The Policy Statement responds to Washington legislation adopted in 2019 that established both a voluntary program for consumers to purchase renewable natural gas from their utilities and a mechanism by which utilities can incorporate renewable natural gas into the supplies used to serve all retail natural gas customers. The voluntary program, codified in RCW 80.28.390, allows natural gas consumers to purchase renewable natural gas on a voluntary basis through a utility-sponsored program. The Policy Statement makes clear that all costs created by the voluntary program should be borne by the customers of the voluntary purchase program, so that regular gas customers are not required to cross-subsidize the renewable program. The Policy Statement also makes clear that the UTC must approve any such program before it is implemented, but otherwise does not impose limits on how a program may be designed. 

In addition, the Policy Statement provides critical guidance for utility-sponsored programs to supply all retail customers with renewable natural gas in accordance with RCW 80.28.385. Most importantly, the Policy Statement makes clear how the UTC will calculate the statute’s mandate that the “customer charge for a renewable natural gas program may not exceed five percent of the amount charged to retail customers for natural gas.” The Policy Statement makes clear that this five percent cap will be calculated as five percent of the total retail revenue requirement for all retail gas customers, rejecting several other potential approaches to this calculation that likely would have been more restrictive. In addition, the Policy Statement makes clear that renewable natural gas programs will be reviewed under ordinary principles of utility ratemaking that require, for example, the utility to follow the approach that will yield the lowest reasonable cost and that its expenses will be subject to prudency review by the UTC. 

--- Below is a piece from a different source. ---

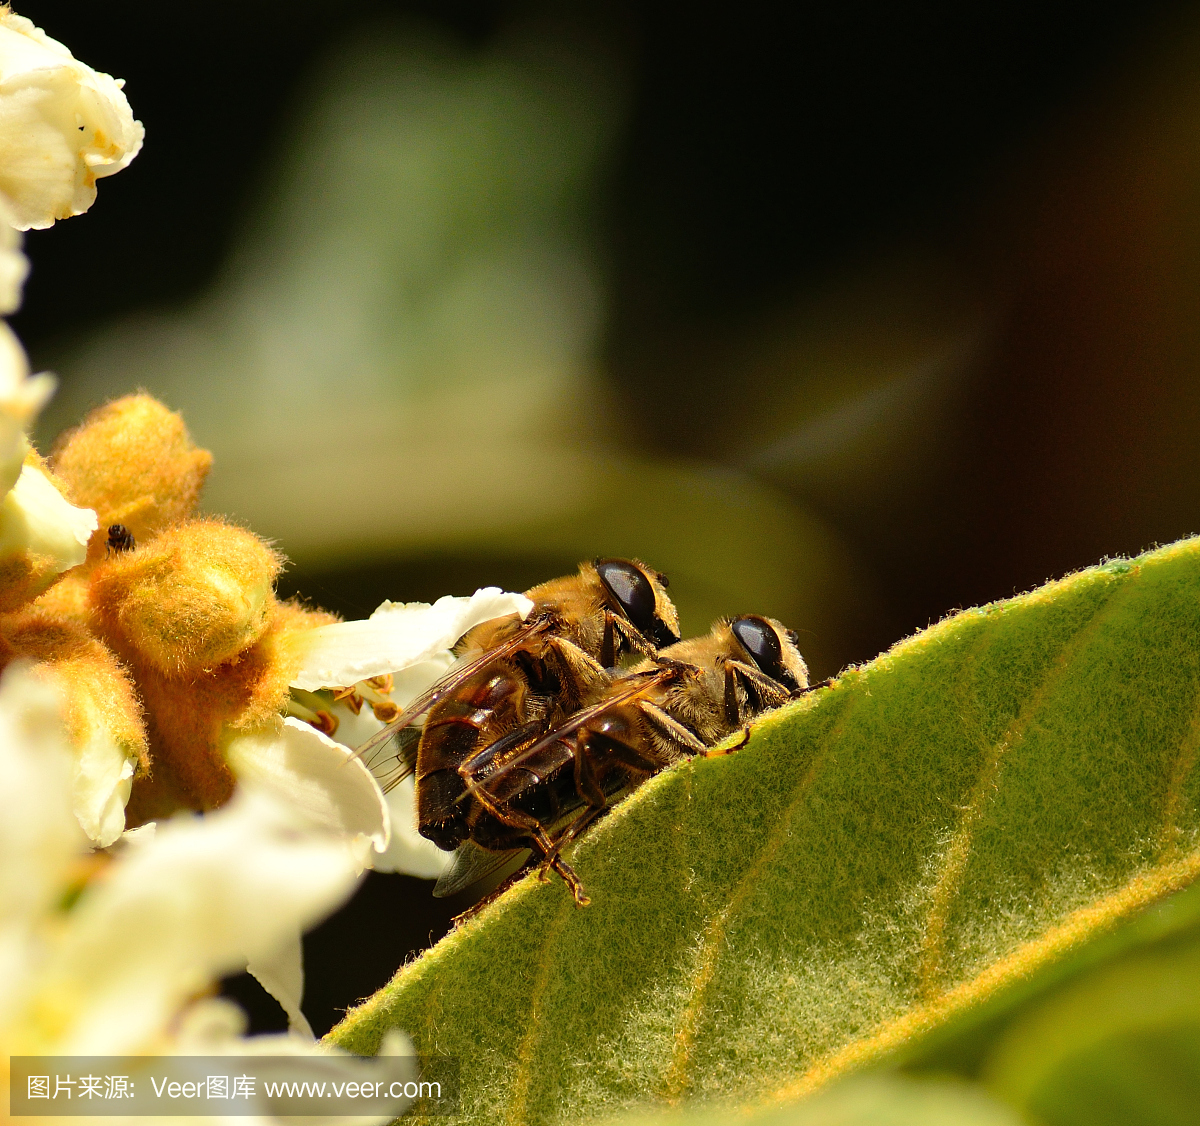 蜜蜂在一个枸杞树叶上的交配仪式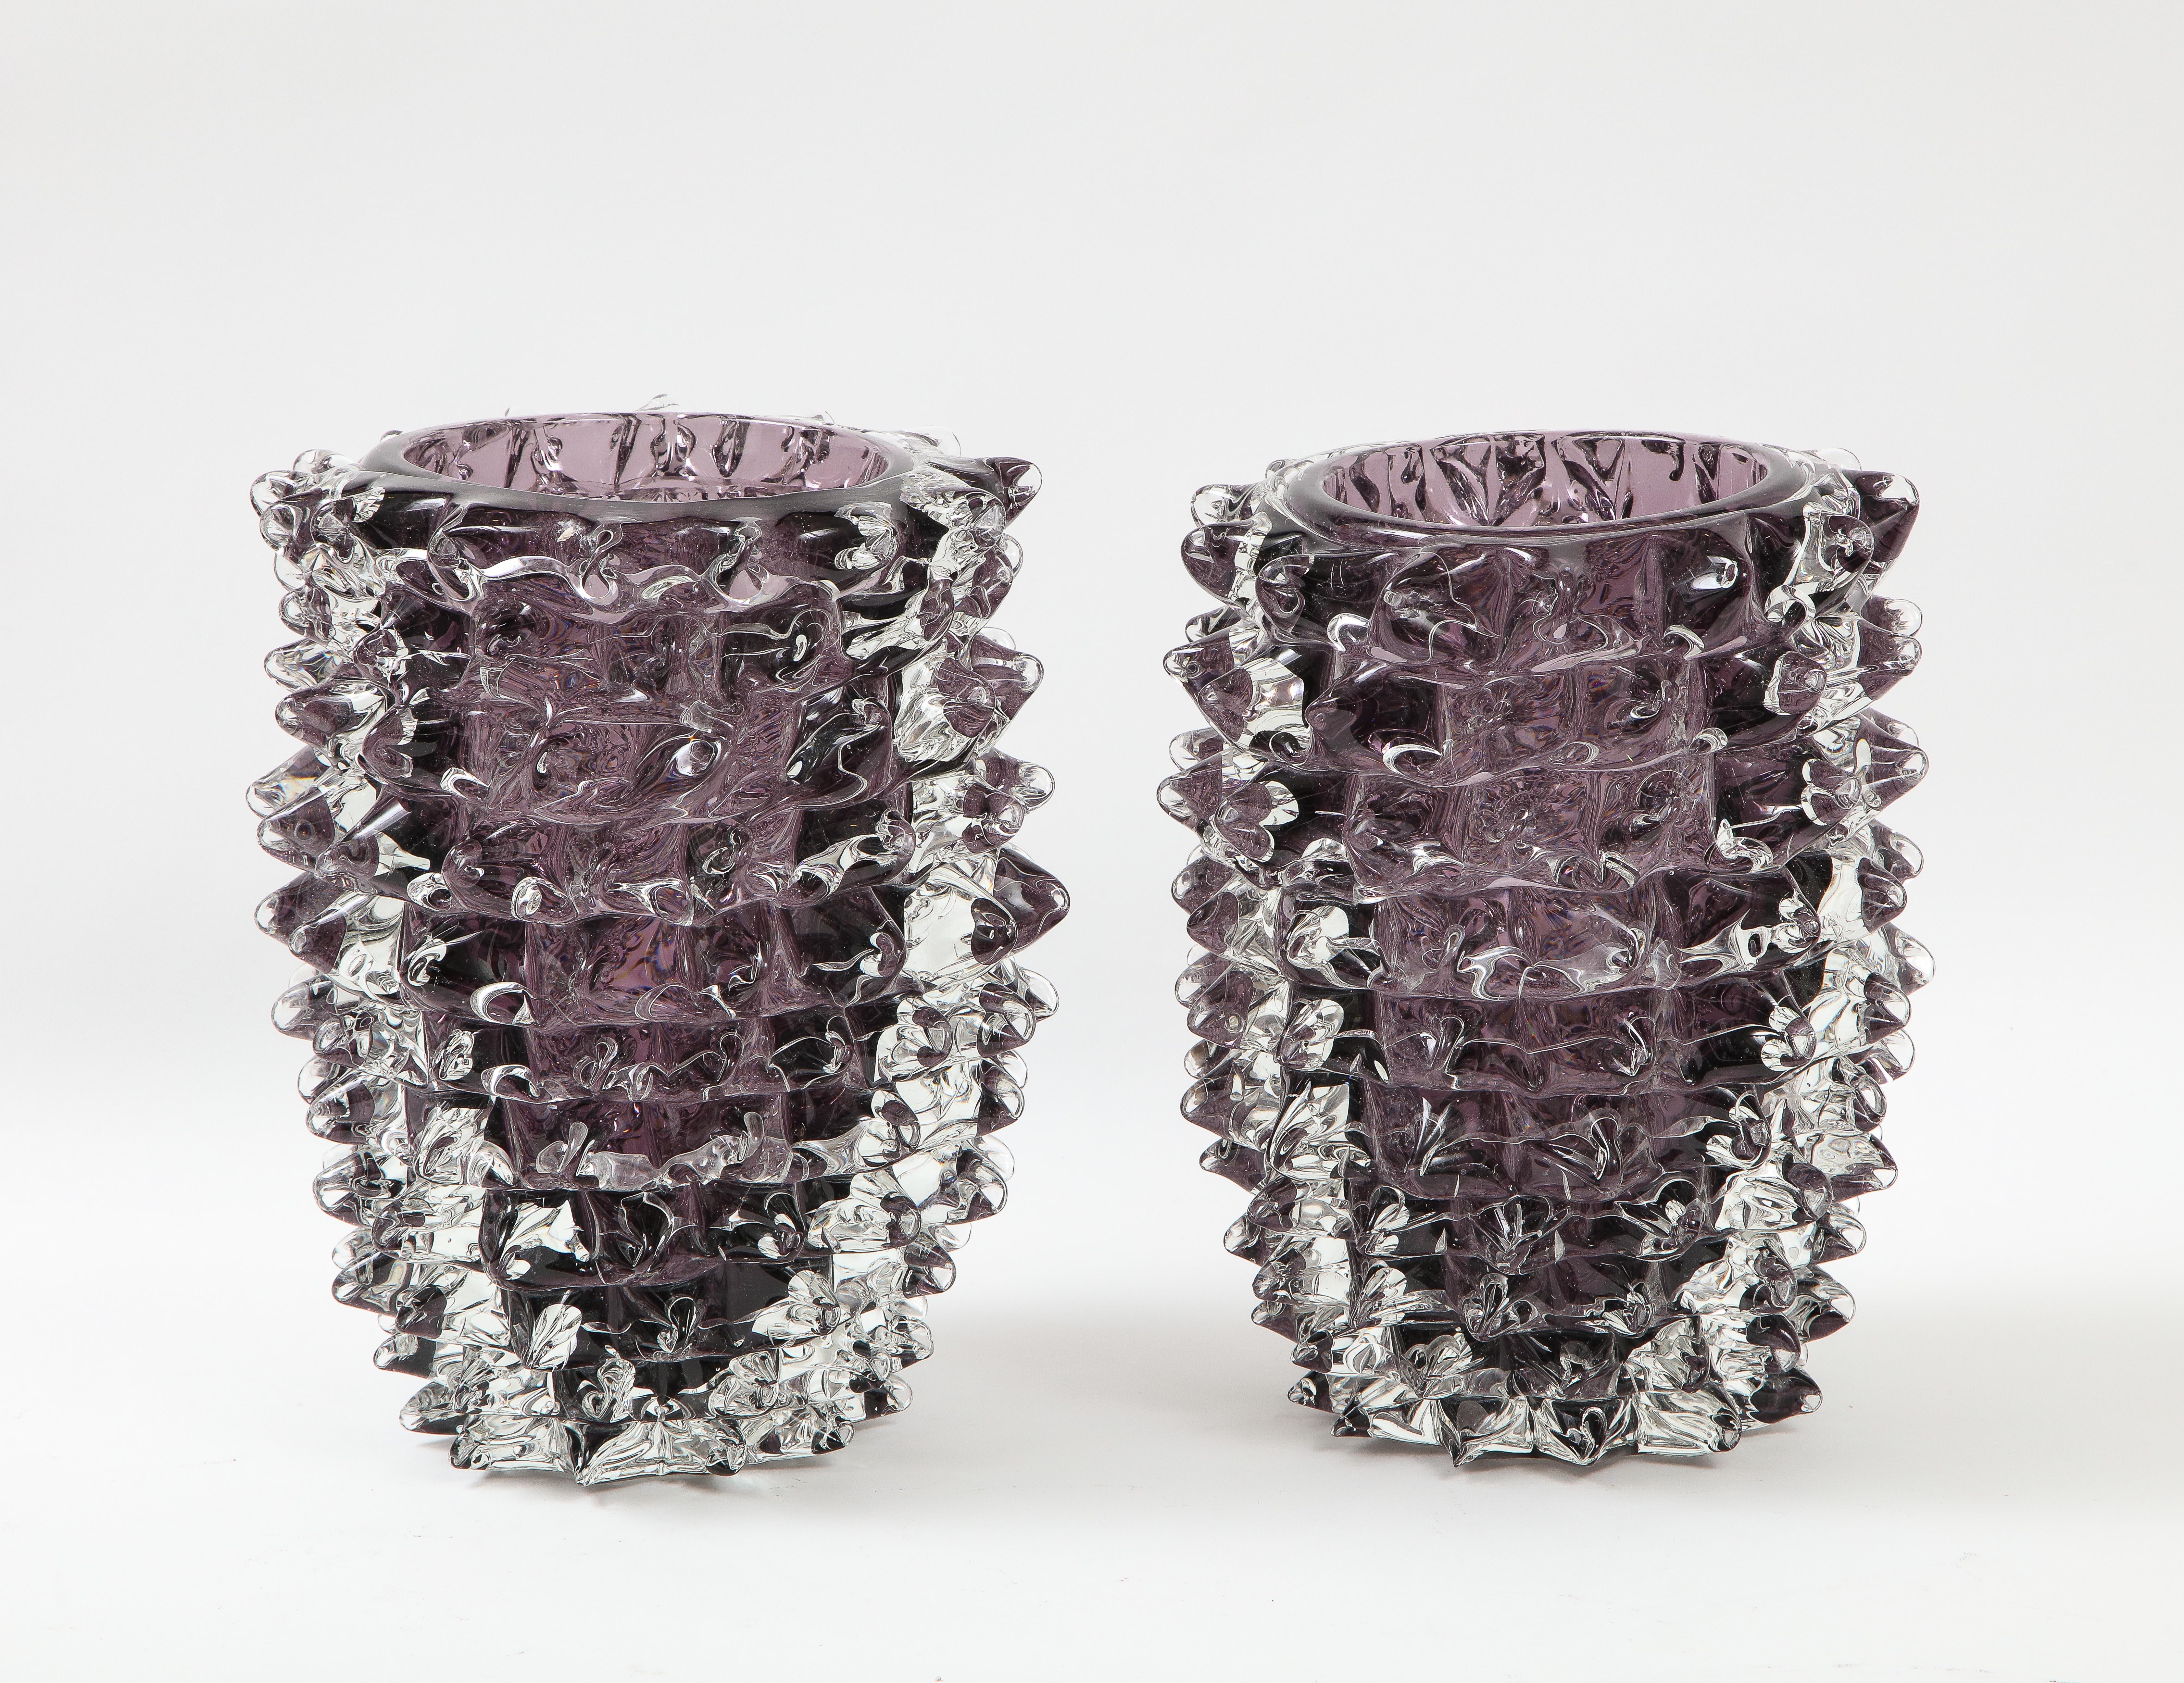 Vase en verre de Murano clair et améthyste (violet) soufflé à la main, à la manière emblématique du verre

The Policy Statement also addresses issues related to accounting for the environmental attributes of renewable natural gas. The UTC will require utilities to purchase and retain the environmental attributes associated with renewable natural gas purchased for the general supply program authorized by RCW 80.28.385, while permitting the environmental attributes for the voluntary program to be unbundled and sold separately. Environmental attributes will be accounted for using a program that hews closely to established model for Renewable Energy Credits (RECs) in Washington, which tracks the environmental attributes of renewable electricity using the WREGIS system. The Policy Statement directs utilities to develop a system of Renewable Thermal Certificates (RTCs), with each RTC representing the environmental attributes associated with one dekatherm of renewable natural gas, similar to RECs, each of which represents the environmental attributes associated with the production of one megawatt of renewable electricity. The RTC tracking system would ensure that RTCs can be bought and sold, but that they can be claimed only once. Further, the Policy Statement indicates that the UTC would provide limited banking rights for RTCs, allowing them to be claimed in the year they are produced and in either the immediately preceding year or in the year immediately after production.

The Policy Statement also requires utilities to follow existing safety and risk management approaches when transporting renewable natural gas, which may require treatment to, for example, remove impurities before it can be transported on standard natural gas pipelines. 

Takeaways

The UTC’s new Policy Statement, along with a similar Oregon program, lay the regulatory groundwork for substantial growth in the Pacific Northwest’s renewable natural gas industry. Substantial growth in the use of renewable natural gas may prove to be a key driver allowing the Northwest states to meet their aggressive goals for reduction of greenhouse gases, while driving a new market for traditional industries such as dairy farms and food manufacturing facilities. In addition, renewable natural gas may provide an alternative to recently-proposed bans on the use of natural gas in new buildings, or at least a complement to such policies, and a pathway to reduce greenhouse gas emissions associated with building operations.